[Start of section]
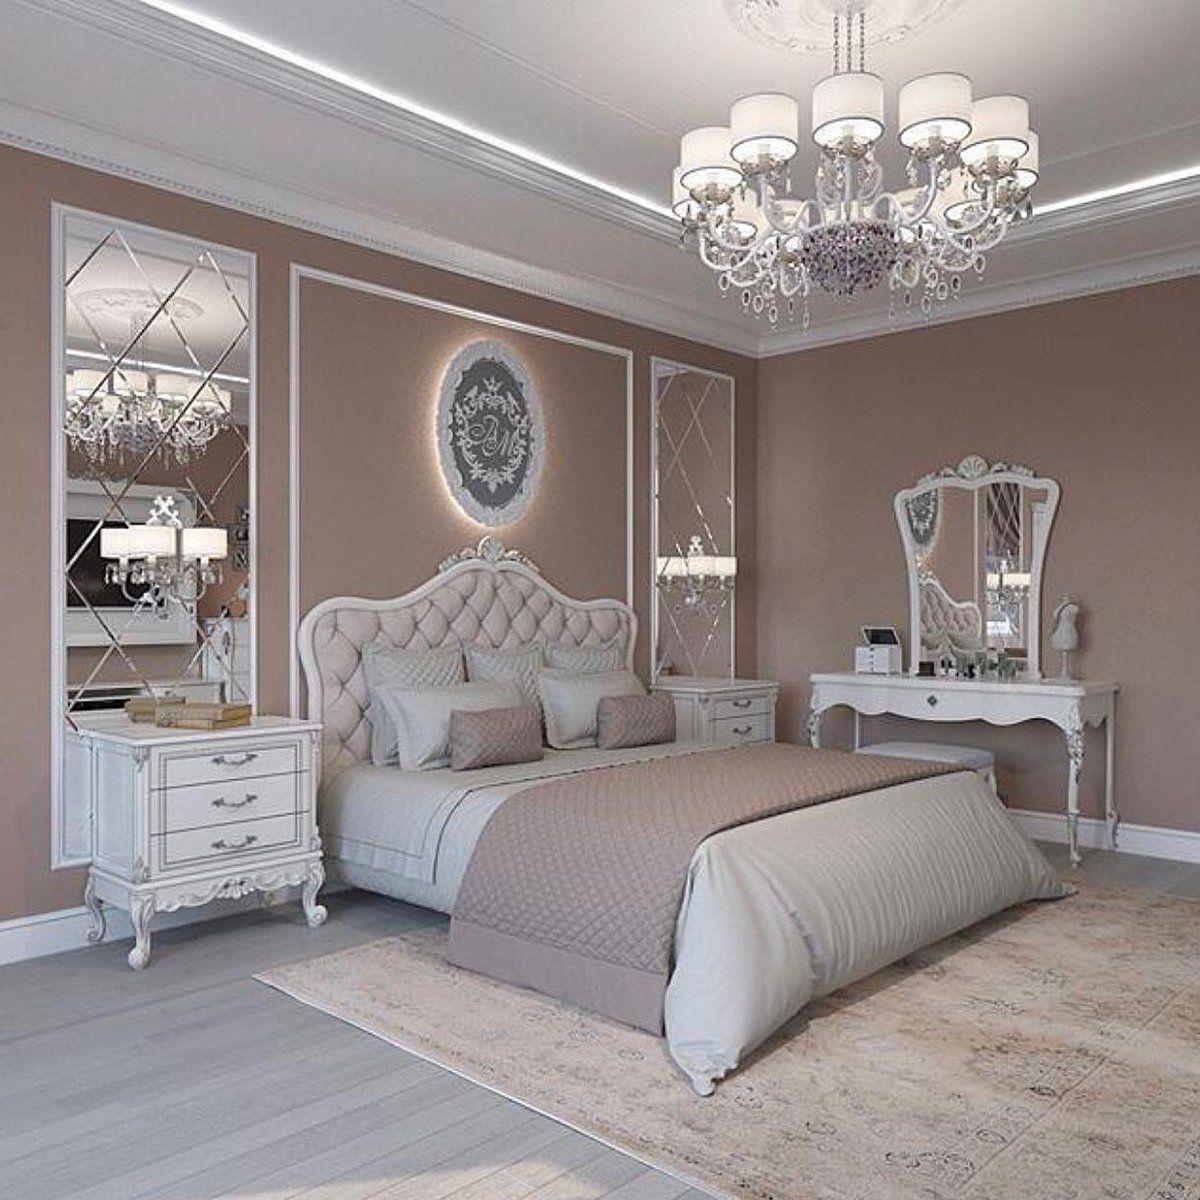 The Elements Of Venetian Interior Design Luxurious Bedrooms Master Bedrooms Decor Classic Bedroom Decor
[End of section]
[Start of section]
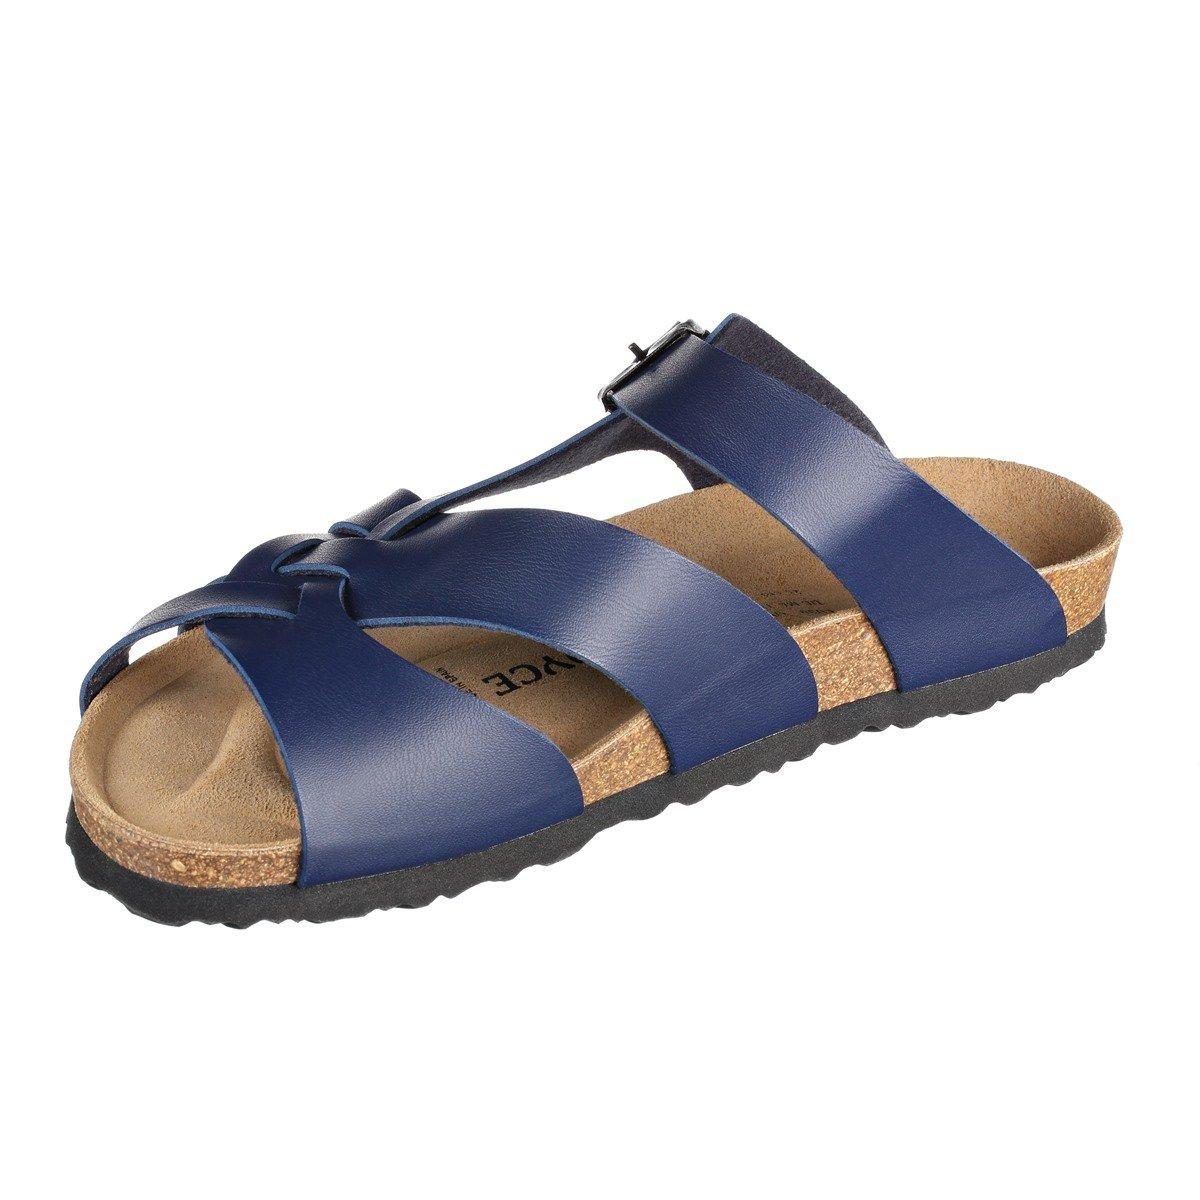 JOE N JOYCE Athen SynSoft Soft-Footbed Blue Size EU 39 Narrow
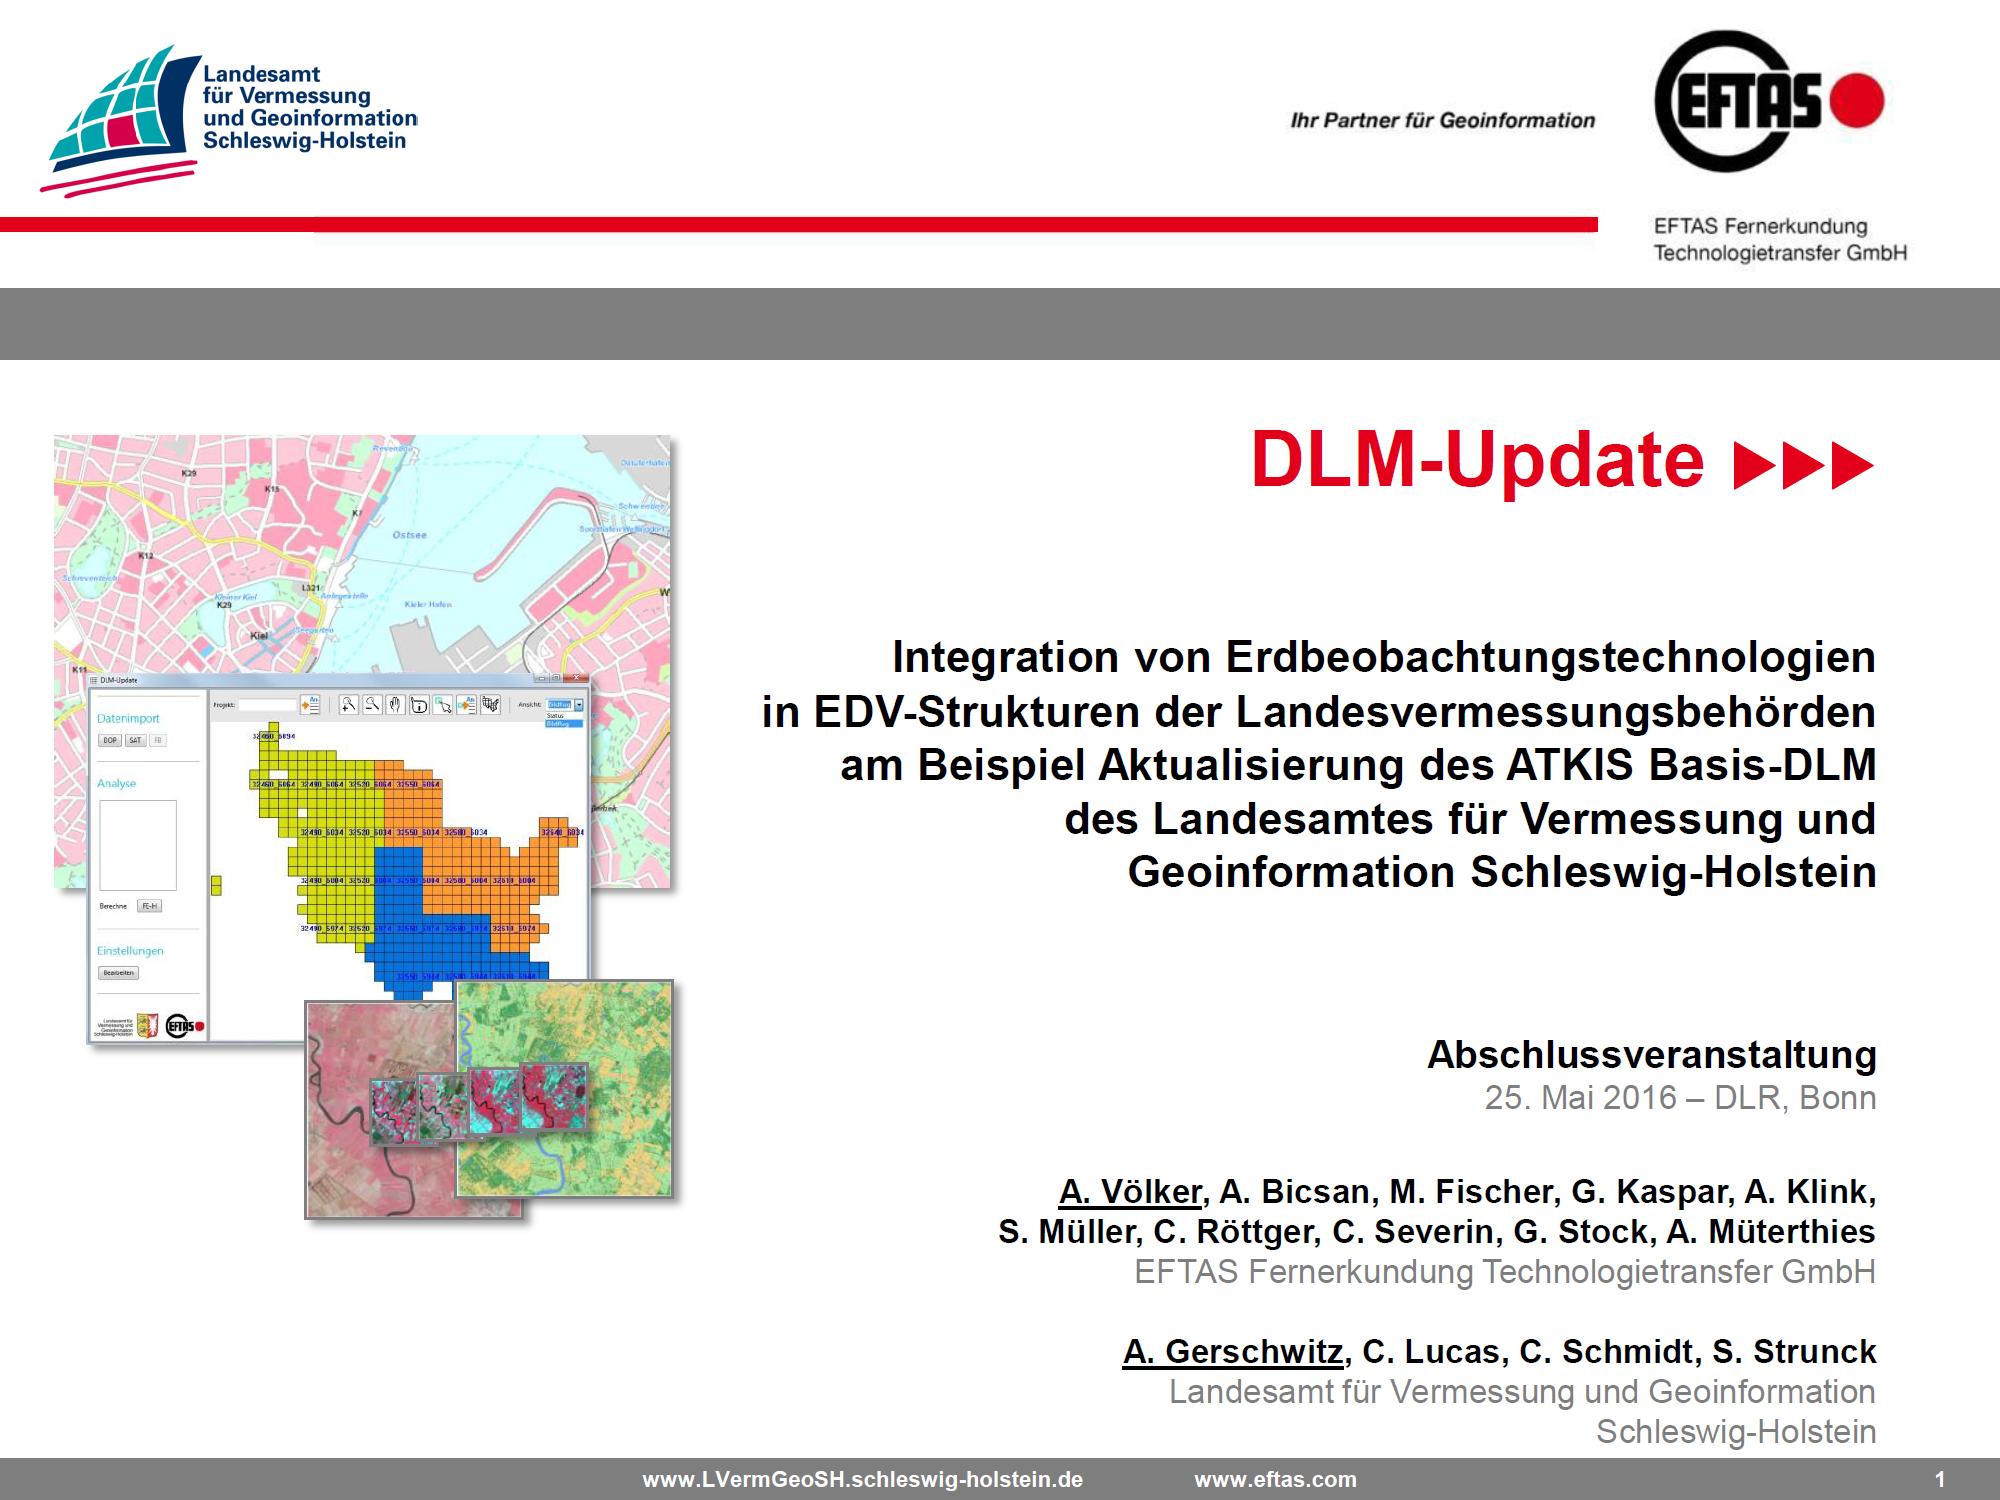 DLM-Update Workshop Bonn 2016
[End of section]
[Start of section]
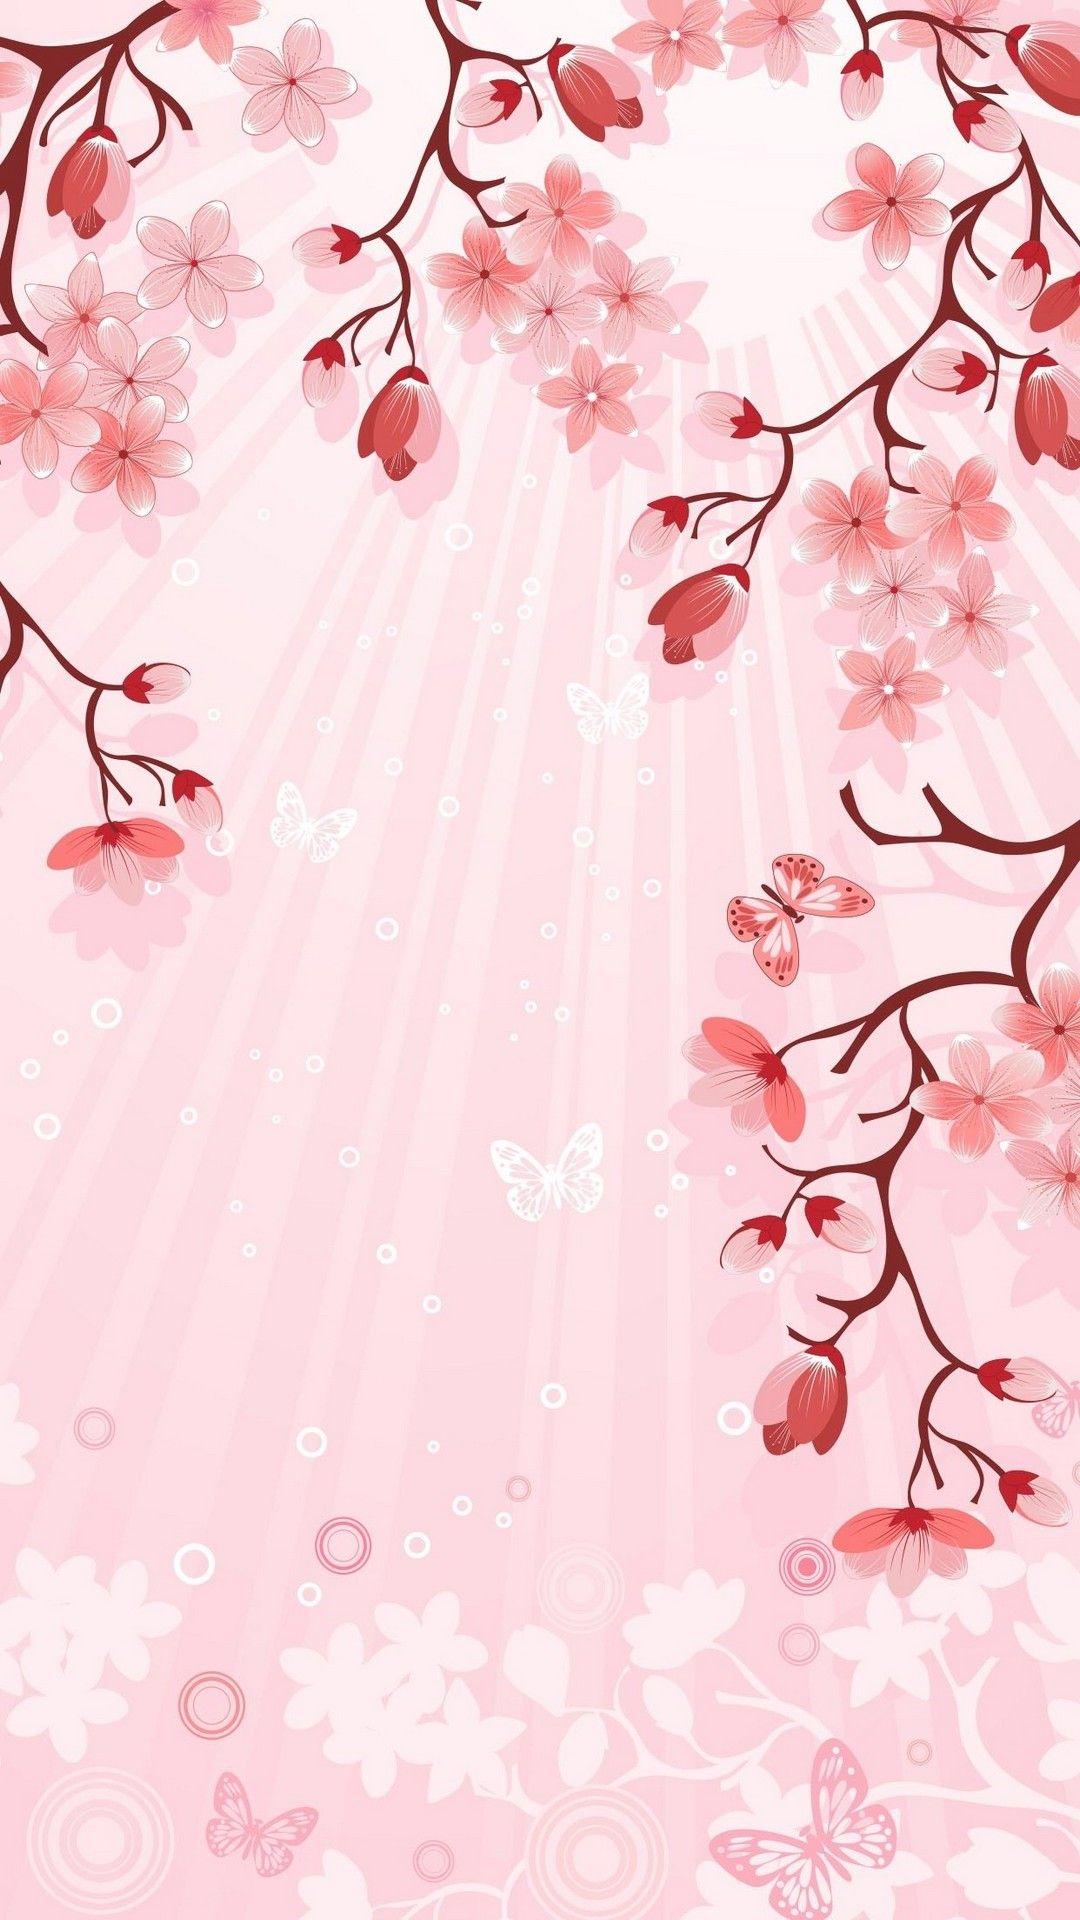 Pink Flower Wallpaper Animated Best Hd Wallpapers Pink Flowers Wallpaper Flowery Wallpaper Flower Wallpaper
[End of section]
WORK ORDER » In the entries above, which lines run from the one with "JOE N JOYCE" up to and including the one with "DLM-Update Workshop Bonn 2016"? Write them out exactly, without the pictures.

TASK RESULT »
 JOE N JOYCE Athen SynSoft Soft-Footbed Blue Size EU 39 Narrow
 DLM-Update Workshop Bonn 2016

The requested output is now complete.